Start of Block
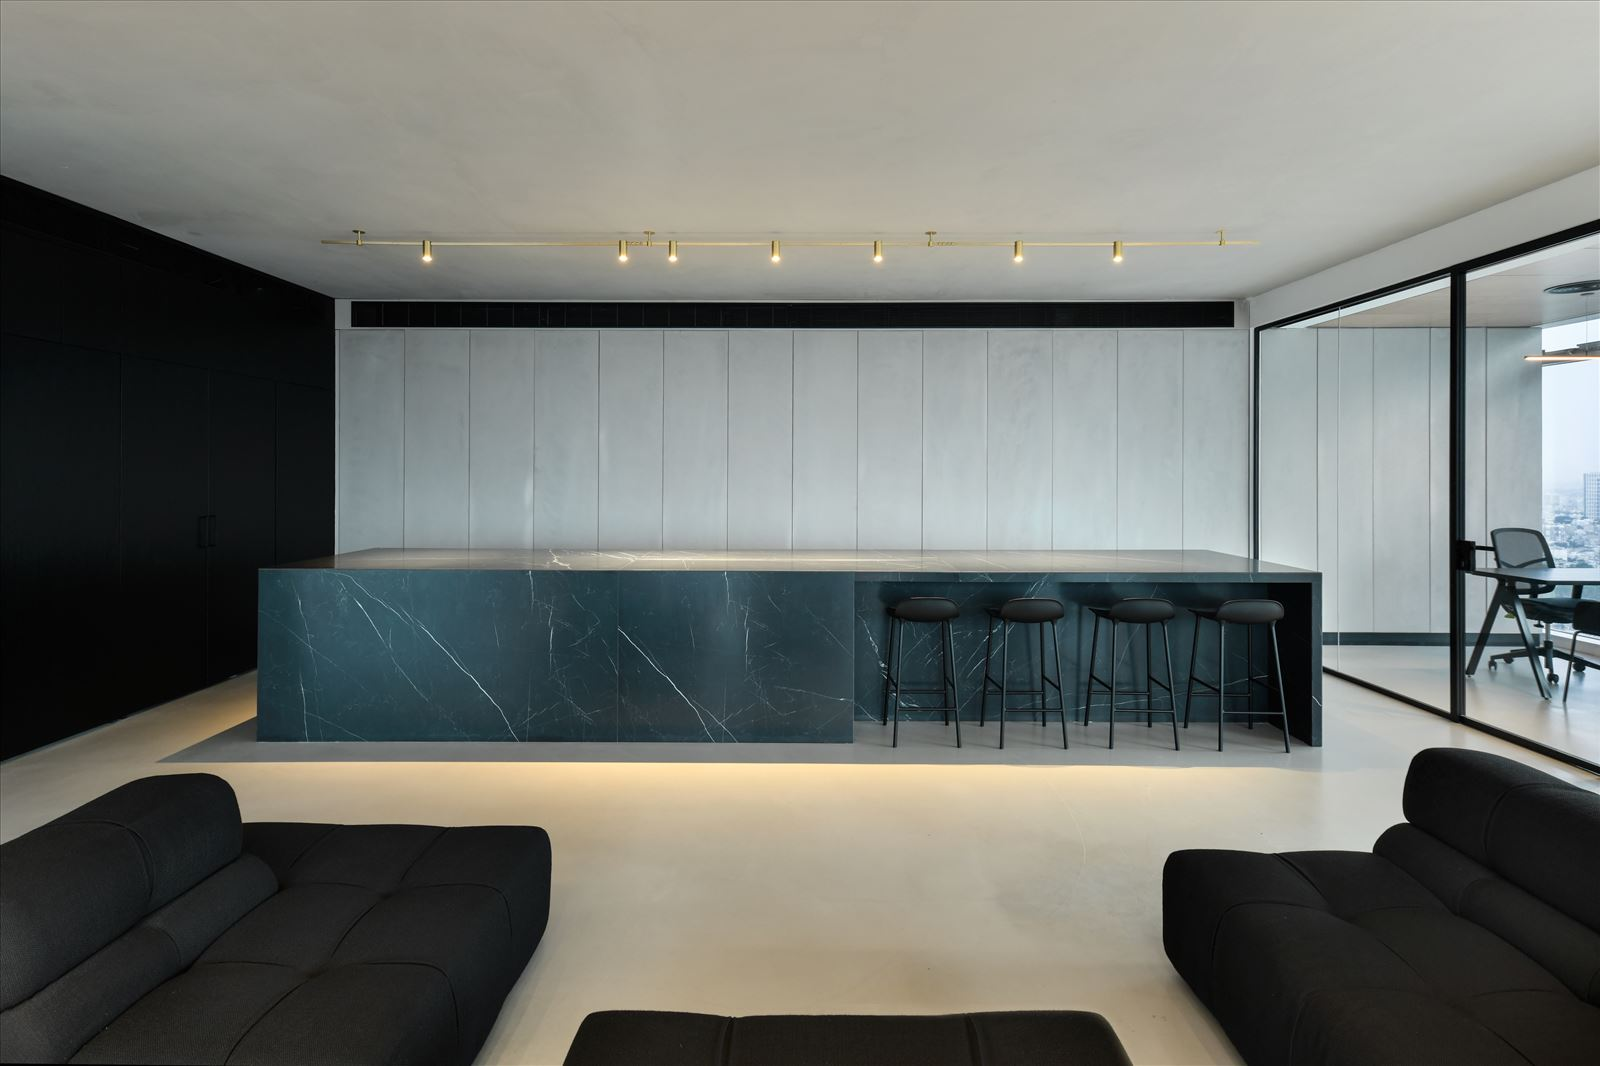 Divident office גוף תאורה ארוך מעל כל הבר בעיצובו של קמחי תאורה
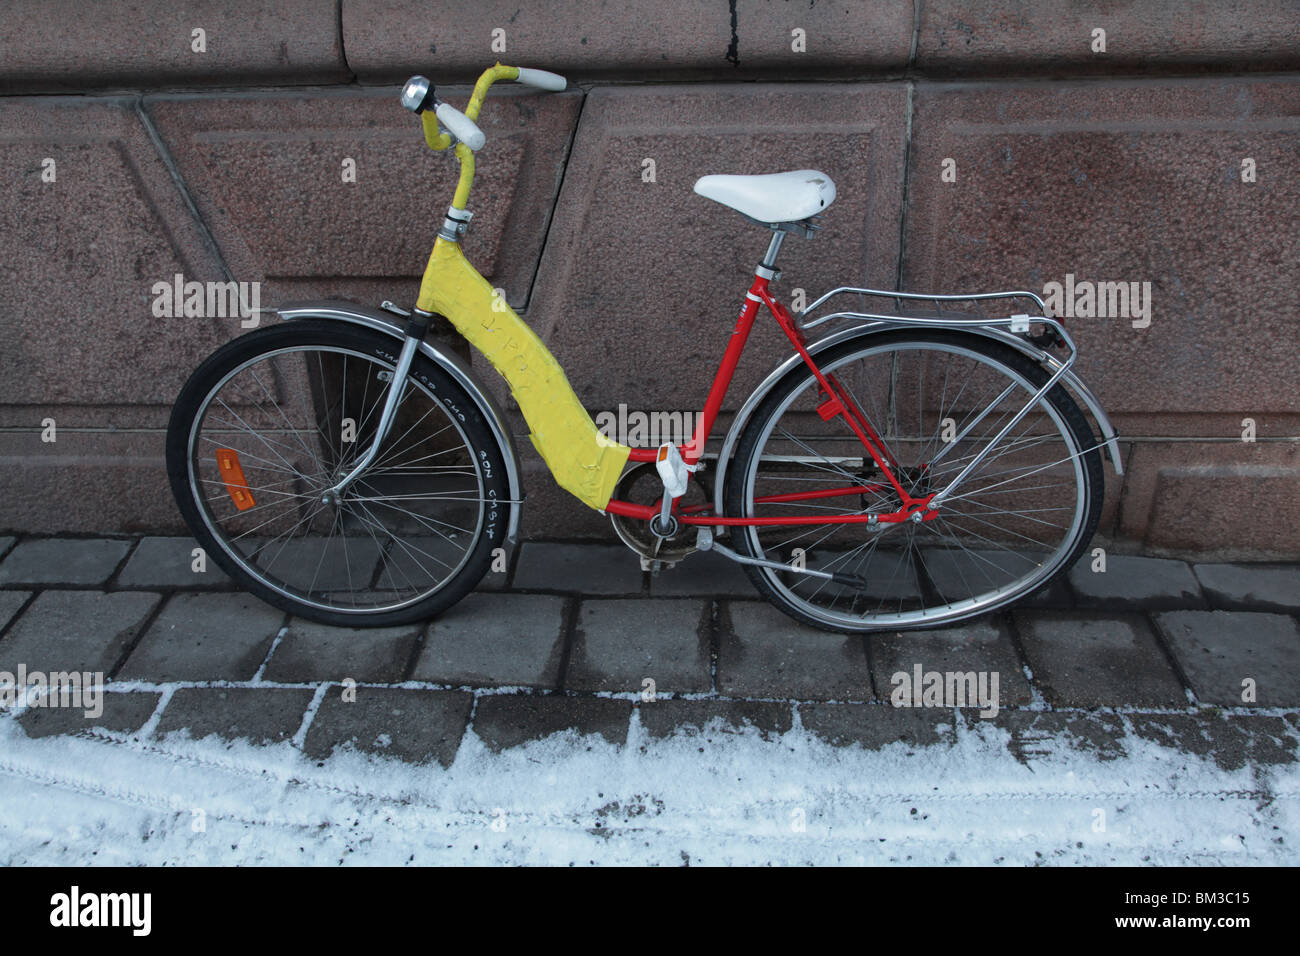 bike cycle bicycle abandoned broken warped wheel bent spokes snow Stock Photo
End of Block
Start of Block
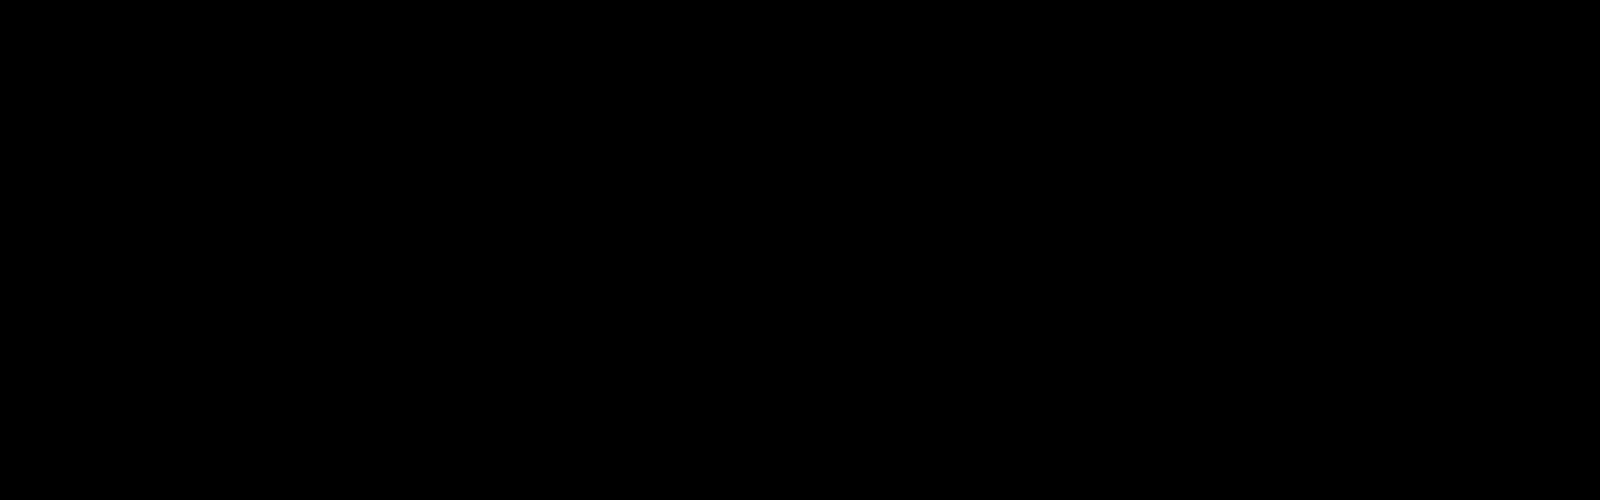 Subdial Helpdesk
End of Block
| WORK REQUIRED |
Only one stretch of the listing above is to be duplicated: the lines from the one containing "Divident office גוף" through the one containing "bike cycle bicycle", both included. Copy them exactly, minus the pictures.

| OUTPUT BELOW |
 Divident office גוף תאורה ארוך מעל כל הבר בעיצובו של קמחי תאורה
 bike cycle bicycle abandoned broken warped wheel bent spokes snow Stock Photo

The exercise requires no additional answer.